Paper No. 36-8
Presentation Time: 8:00 AM-12:00 PM
DIATOM INFERRED ENVIRONMENTAL RECONSTRUCTION OF TWO VOLCANIC CRATER LAKES WITHIN NEWBERRY VOLCANO, OREGON
Newberry Crater, Oregon, is a low shield volcano that includes two meromictic volcanic lake systems within close proximity to each other. Paulina Lake and East Lake show significant chemical profile differences. Both lakes have subaqueous inputs of volcanic fluids, but fluids that enter East Lake are primarily hydrogen sulfide (H2S) and carbon dioxide (CO2) with minor amounts of mercury, while volcanic fluids that enter Paulina Lake are carbonate-rich and have abundant iron (Fe), arsenic (As), silicon (Si) and phosphorus (P). From each lake, multiple sediment cores were collected to establish a diatom assemblage record. Changes in the diatom record from lake sediments indicate long-term fluctuations in lake level, productivity, and other conditions. Planktic diatom communities are commonly found in open water away from shore.

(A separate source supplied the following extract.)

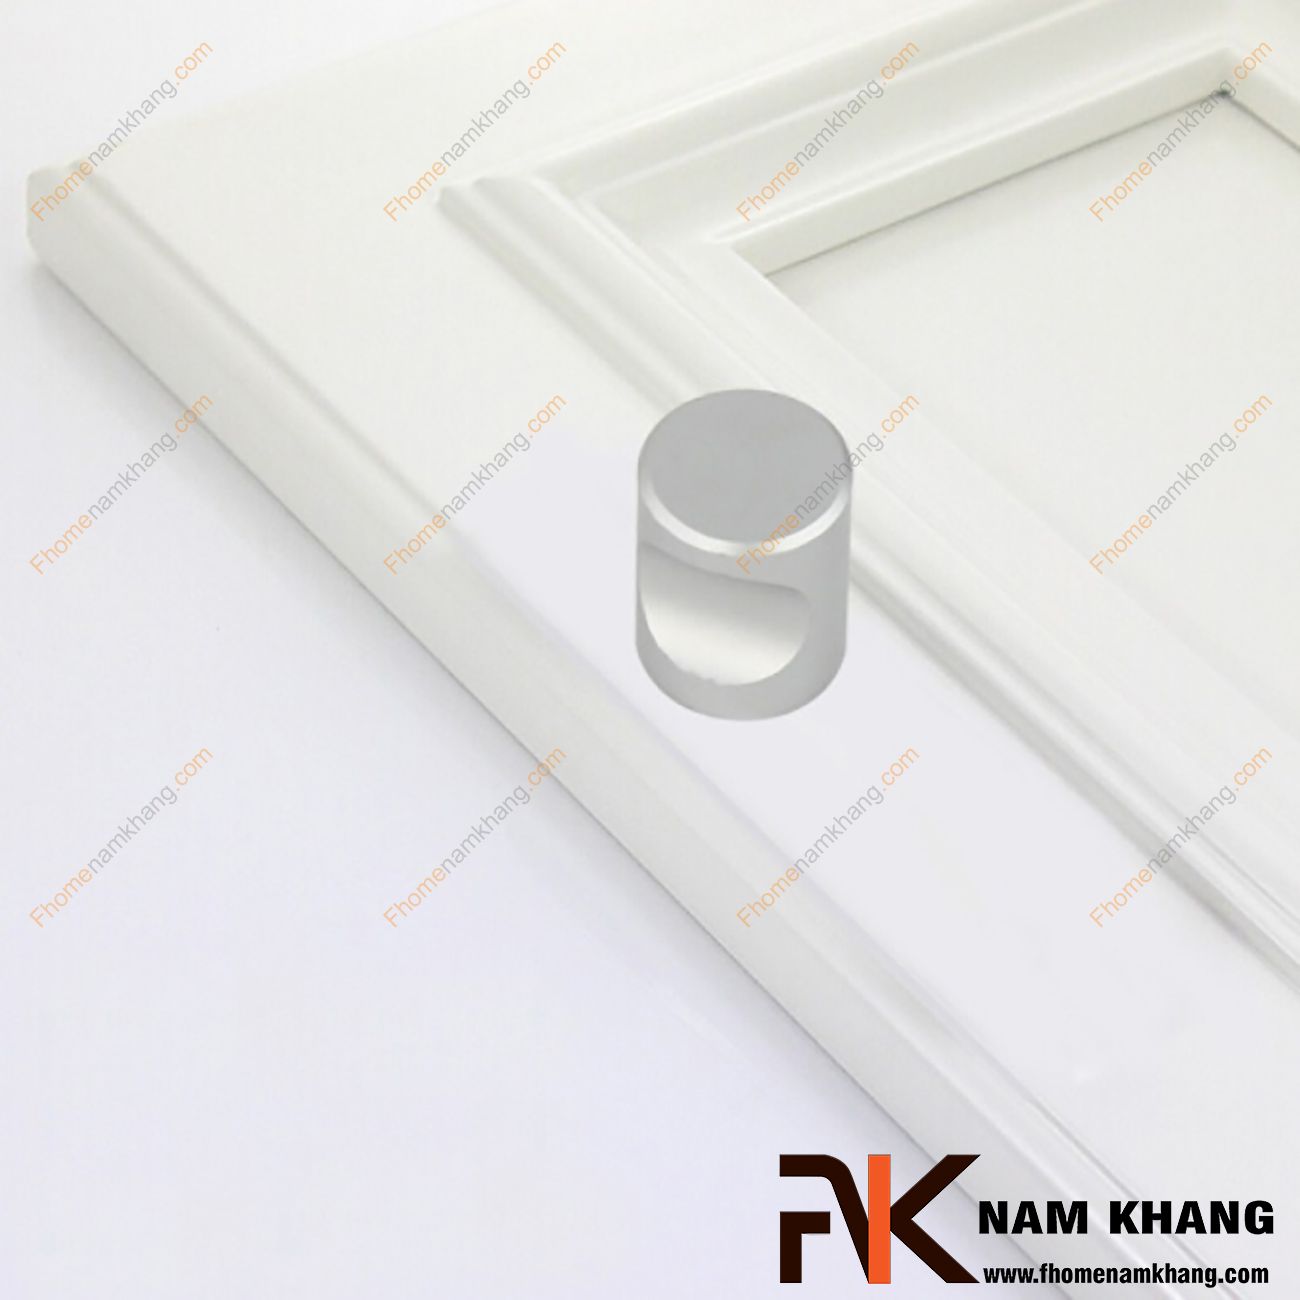 Núm nắm tủ nhôm NK057-N, sản phẩm phụ kiện tủ kệ nhỏ gọn được sử dụng rộng rãi trong sản xuất lắp đặt các dạng tủ kệ ngăn kéo và trong trang trí không gian nội ngoại thất.

Benthic diatom communities thrive in shallow water where light can penetrate to the sediment-water interface. Diatom records were created from a high or low resolution counting scheme. In Paulina Lake, Stephanodiscus excentricus, a planktonic species, was the most abundant diatom. S. excentricus is often found in waters that exhibit pH values around 7 and is an indicator of eutrophication and phosphorus. In East Lake, a variety of benthic species were most abundant in the sediments. The most abundant species include Cocconeis placentula, Rhoicosphenia abbreviata, and Pseudostaurosira brevistriata. C. placentula is common and found in circumneutral to alkaline waters. R. abbreviata and P. brevistriata are found in eutrophic systems with alkaline pH. A planktic-benthic ratio was created for each sediment core to gather evidence for fluctuations in lake level. To further track fluctuations in lake level and diatom habitat areas, we created 3-D models of each lake and the surrounding volcanic crater. Diatom habitat area models can be used to predict relative changes in the available area for benthic and planktic diatom communities, and then can be compared against changes in planktic-benthic ratios in fossil assemblages from sediment cores to improve interpretations of past lake-level fluctuations. Research in these lakes is significant because it offers a unique opportunity to investigate two volcanic lakes that are close geographically but are chemically distant.